Em 2012, quando acumulava uma fortuna de nada menos que US$ 34,5 bilhões, Eike Batista ocupava o posto de 8º mais rico do mundo e o mais endinheirado do Brasil. Ele esteve à frente até de — veja só — Jorge Paulo Lemann, um dos controladores da maior cervejaria do mundo, a AB InBev (dona da AmBev), e de Joseph Safra, dono do banco de mesmo nome.

Mas o império de Eike, formado por empresas de petróleo, mineração, energia e infraestrutura, ruiu nos anos seguintes. A derrocada foi causada essencialmente por má gestão, que resultou em resultados (muito) abaixo do esperado e dívida insustentável.

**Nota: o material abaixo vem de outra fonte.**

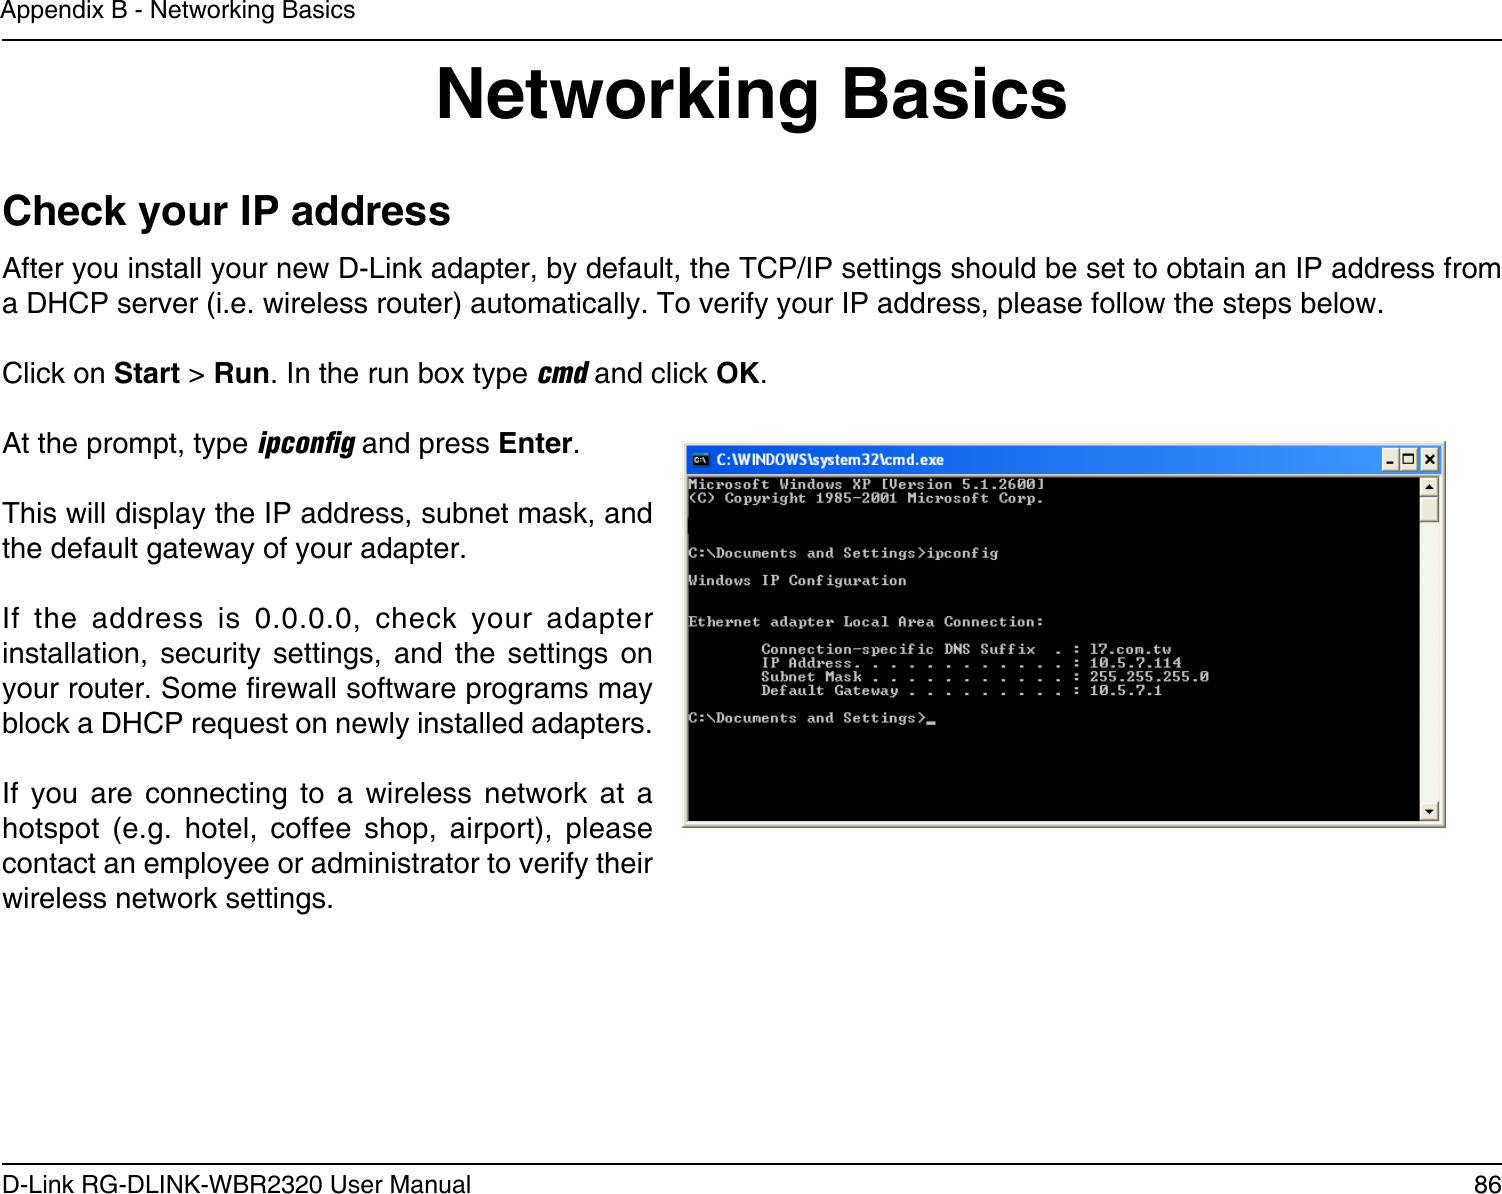 86D-Link RG-DLINK-WBR2320 User ManualAppendix B - Networking BasicsNetworking BasicsCheck your IP addressAfter you install your new D-Link adapter, by default, the TCP/IP settings should be set to obtain an IP address from a DHCP server (i.e. wireless router) automatically. To verify your IP address, please follow the steps below.Click on Start &gt; Run. In the run box type cmd and click OK.At the prompt, type ipconﬁg and press Enter.This will display the IP address, subnet mask, and the default gateway of your adapter.If  the  address  is  0.0.0.0,  check  your  adapter installation,  security  settings,  and  the  settings  on your router. Some rewall software programs may block a DHCP request on newly installed adapters. If  you  are  connecting  to  a  wireless  network  at  a hotspot  (e.g.  hotel,  coffee  shop,  airport),  please contact an employee or administrator to verify their wireless network settings.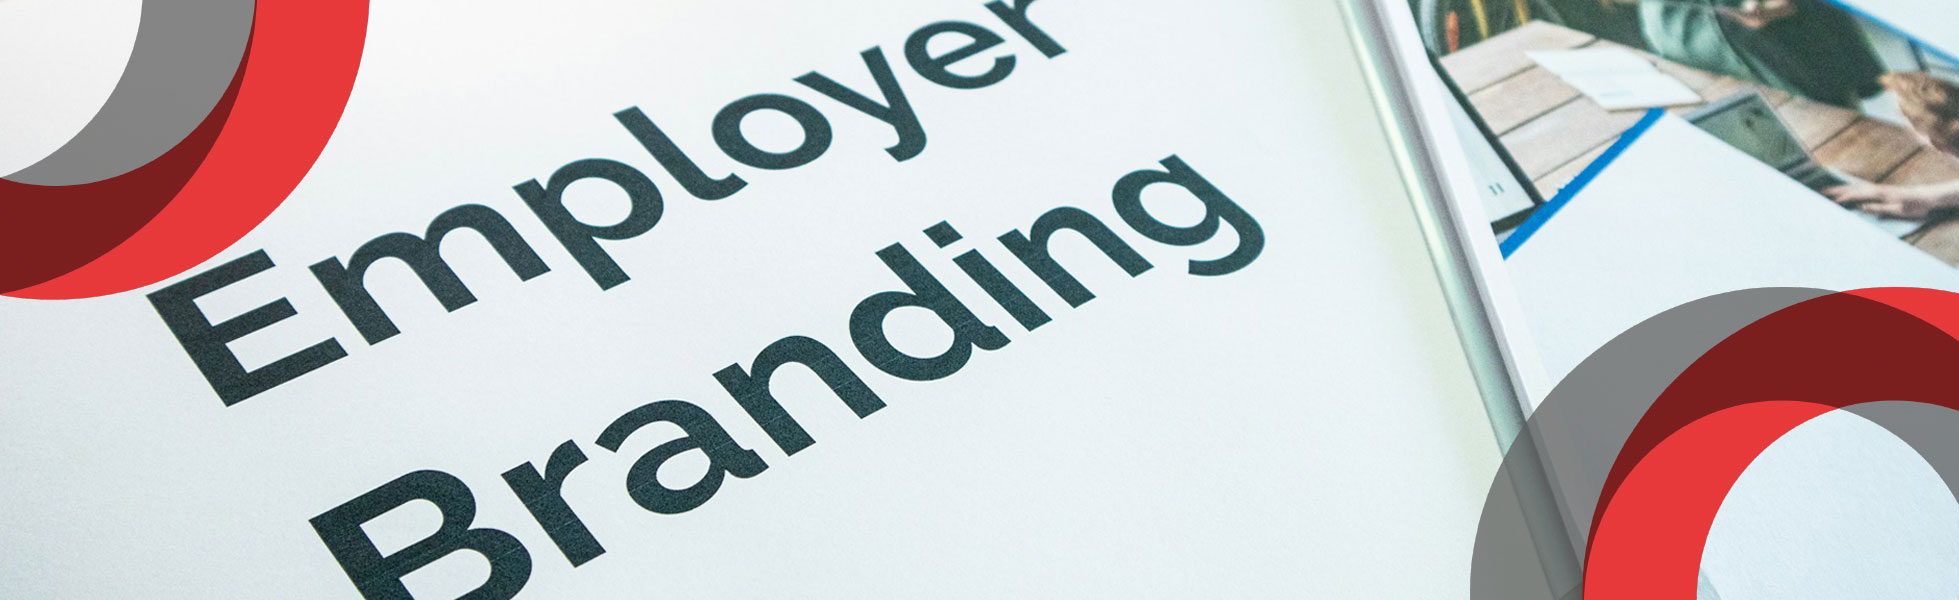 Attract and retain talent through employer branding

Hoje, mais um capítulo dessa saga foi escrito. A Justiça do Rio de Janeiro determinou a falência da MMX, empresa de mineração que estava em recuperação judicial desde 2014. A decisão se deu porque os credores da empresa não aprovaram o plano de renegociação das dívidas, que propunha um desconto da ordem de 97% — ou seja, para cada R$ 100 devidos, a empresa saldaria somente R$ 3. Ainda cabe recurso à decisão.

A quem pertence a MMX? O sócio majoritário ainda é Eike Batista, com aproximadamente um terço do capital da companhia. A empresa possui ações negociadas na bolsa de valores, embora os papéis estejam valendo quase nada – a cotação caiu de R$ 2.000 em 2010 para míseros R$ 2 atualmente. Quando fundou a empresa, Eike prometia uma produção de minério que somaria 42 milhões de toneladas, mas a MMX só conseguiu atingir os 7 milhões de produção.

Em foto de 2012, Eike Batista faz o famoso símbolo do “X”, letra que tornou-se símbolo do seu império
Crédito: Ricardo Moraes/Reuters

E as outras empresas de Eike? No auge, o império X chegou a ter mais de 10 empresas. Confira o que aconteceu com as principais:

MPX: A empresa de energia foi vendida para o grupo alemão E.ON em 2013, e passou a se chamar Eneva. Houve um processo bem-sucedido de recuperação judicial, em que a Eneva reestruturou a dívida de R$ 2 bilhões, e hoje a empresa possui usinas térmicas e solares para geração de energia elétrica, além de ter participação na exploração de gás em campos do Maranhão.

OGX: Foi na OGX que a crise nas empresas de Eike foi gestada. A exemplo do que aconteceu com a MMX, a empresa de petróleo não conseguiu provar que atingiria a exploração prometida – ao invés de ser “uma nova Petrobras”, como Eike dizia, a OGX produz apenas 8.000 barris de petróleo por dia, em um único campo de exploração.

Eike se desfez da maior parte das ações e é, atualmente, acionista minoritário na empresa, que também mudou de nome, para Dommo Energia. Os credores se tornaram os principais acionistas. As ações da Dommo, que chegaram a valer R$ 375, são negociadas a R$ 4 na bolsa.

LLX: O grupo americano EIG comprou a LLX de Eike ainda em 2013, mudando o nome da empresa para Prumo Logística. Controladora do Porto de Açu, a empresa já teve ações listadas na bolsa, mas fechou capital no ano passado.

A Prumo talvez seja o caso de maior sucesso do Império X, pela rapidez em que reverteu o endividamento, e pelas parcerias que firmou para atuar em outras áreas – ela tem, por exemplo, joint-ventures com a mineradora Anglo American, com a petroleira BP e com o grupo Siemens.

OSX: A empresa naval dependia do sucesso de projetos da OGX e da LLX para prosperar. Com a queda da primeira e a venda da segunda, a OSX entrou em recuperação judicial. Eike repassou 28% das ações da OSX para o fundo Mubadala, de Abu Dhabi.

Hoje, a empresa tem um espaço locado dentro do Porto de Açu, e tem contratos de construção de plataformas com a Dommo Energia. O processo de recuperação judicial, aparentemente ainda longe do fim, traz o risco de a empresa ter o mesmo fim da MMX: a falência.